- Country: England
- Language: English
- Genre: Short story

Publication
- Published in: Ghosts & Scholars
- Media type: Print, magazine
- Publication date: 1990

= The Fenstanton Witch =

"The Fenstanton Witch" is a short story by the English writer M. R. James. Believed to have been written in the 1920s, it was first published in the literary magazine Ghosts & Scholars in 1990. Set in Cambridgeshire in the early eighteenth century, the story concerns black magic.

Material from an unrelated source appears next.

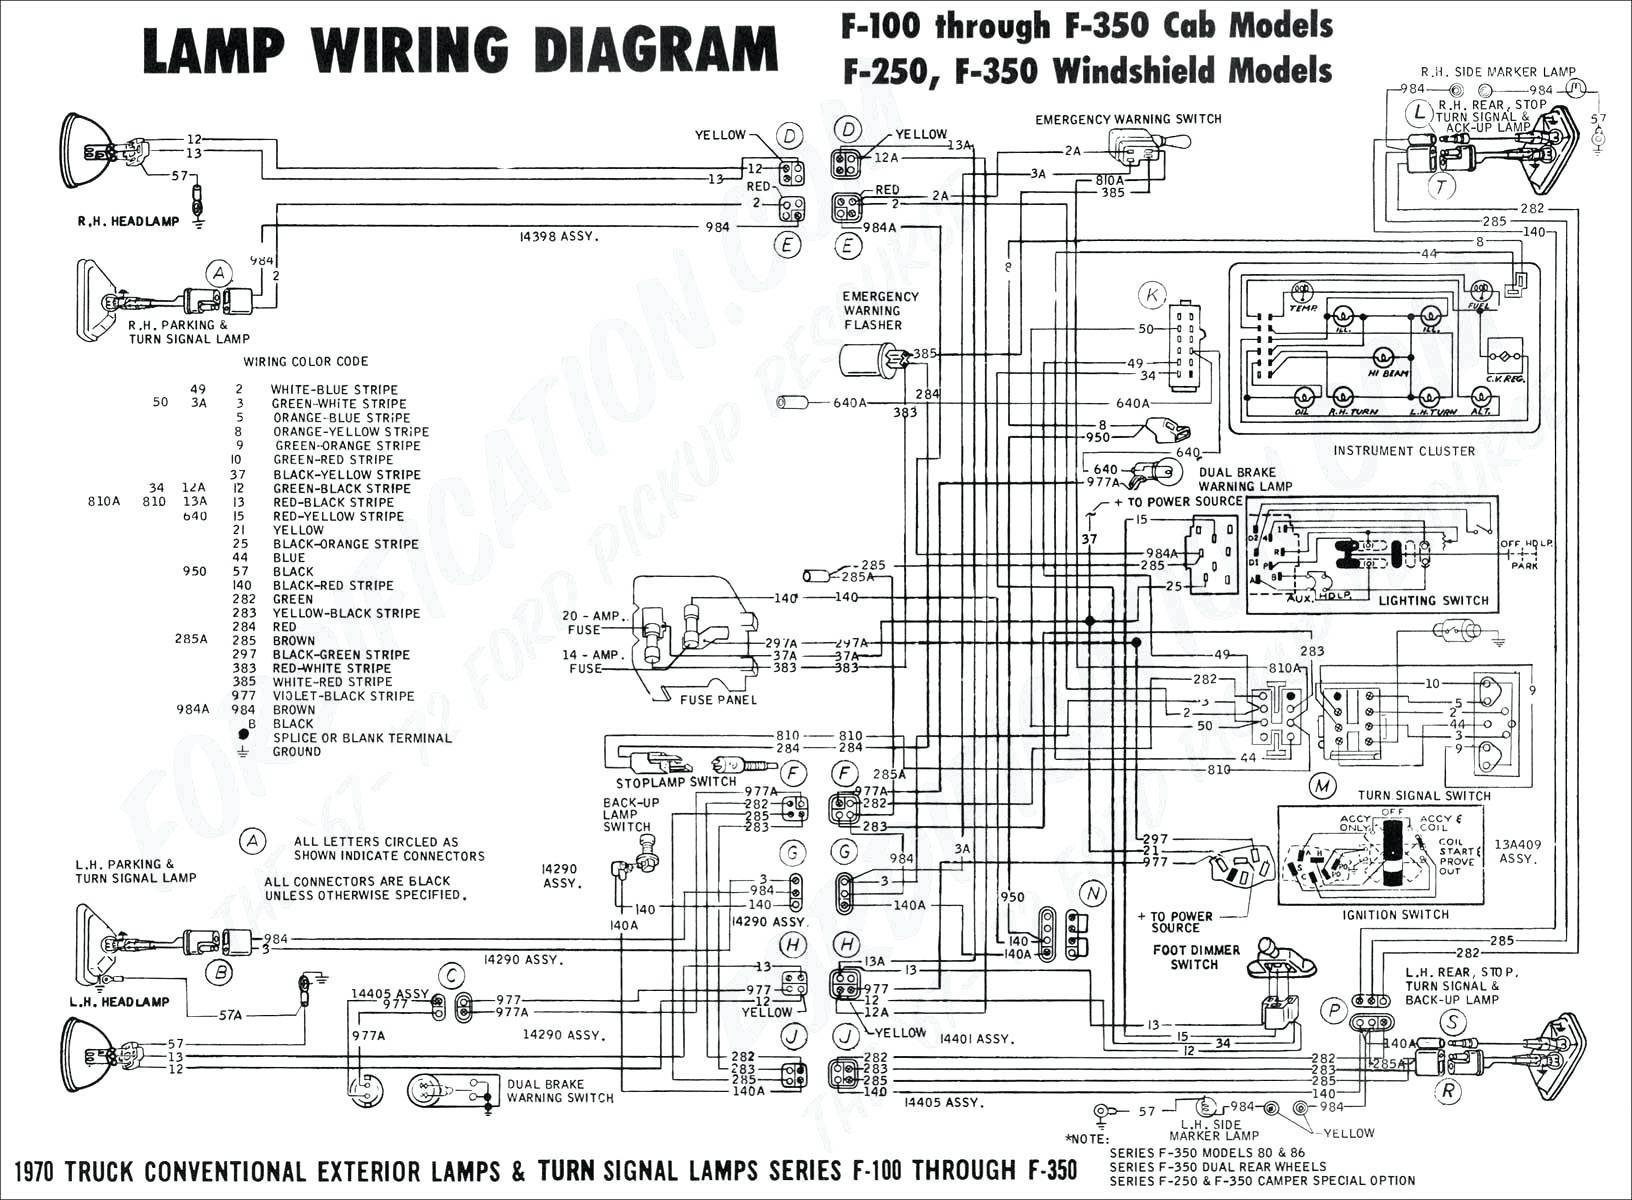 1979 ford f100 engine diagram wiring diagram used 1979 ford f 150 vacuum diagram wiring diagram

A radio play based on James' outline of the story, "Turn, Turn, Turn", aired on BBC Radio 4 in 1977.

== Plot summary ==
The story takes place one October during the 1702–1714 reign of Anne, Queen of Great Britain. (Note: S. T. Joshi notes that a reference to John Newborough being headmaster of Eton College would place the story somewhat earlier. Rosemary Pardoe notes various points that would imply the story takes place before or after Anne's reign.) at King's College, Cambridge. One afternoon, Senior Fellows Mr. Bates and Mr. Glynne discuss an event that recently took place at the nearby village of Fenstanton. An old woman, Mother Gibson, has died after being accused of being a witch and subjected to a ducking stool, and has been buried on the north side of Fenstanton's church. (Note: The north side of a church was "Traditionally the 'Devil's side' of the church, where evil-doers were buried".) Glynne recalls seeing Mother Gibson, who had eyes "as red as blood and the pupils like a goat's." The conversation is overheard by two other Fellows, Nicholas Hardman and Stephen Ashe, who quietly depart.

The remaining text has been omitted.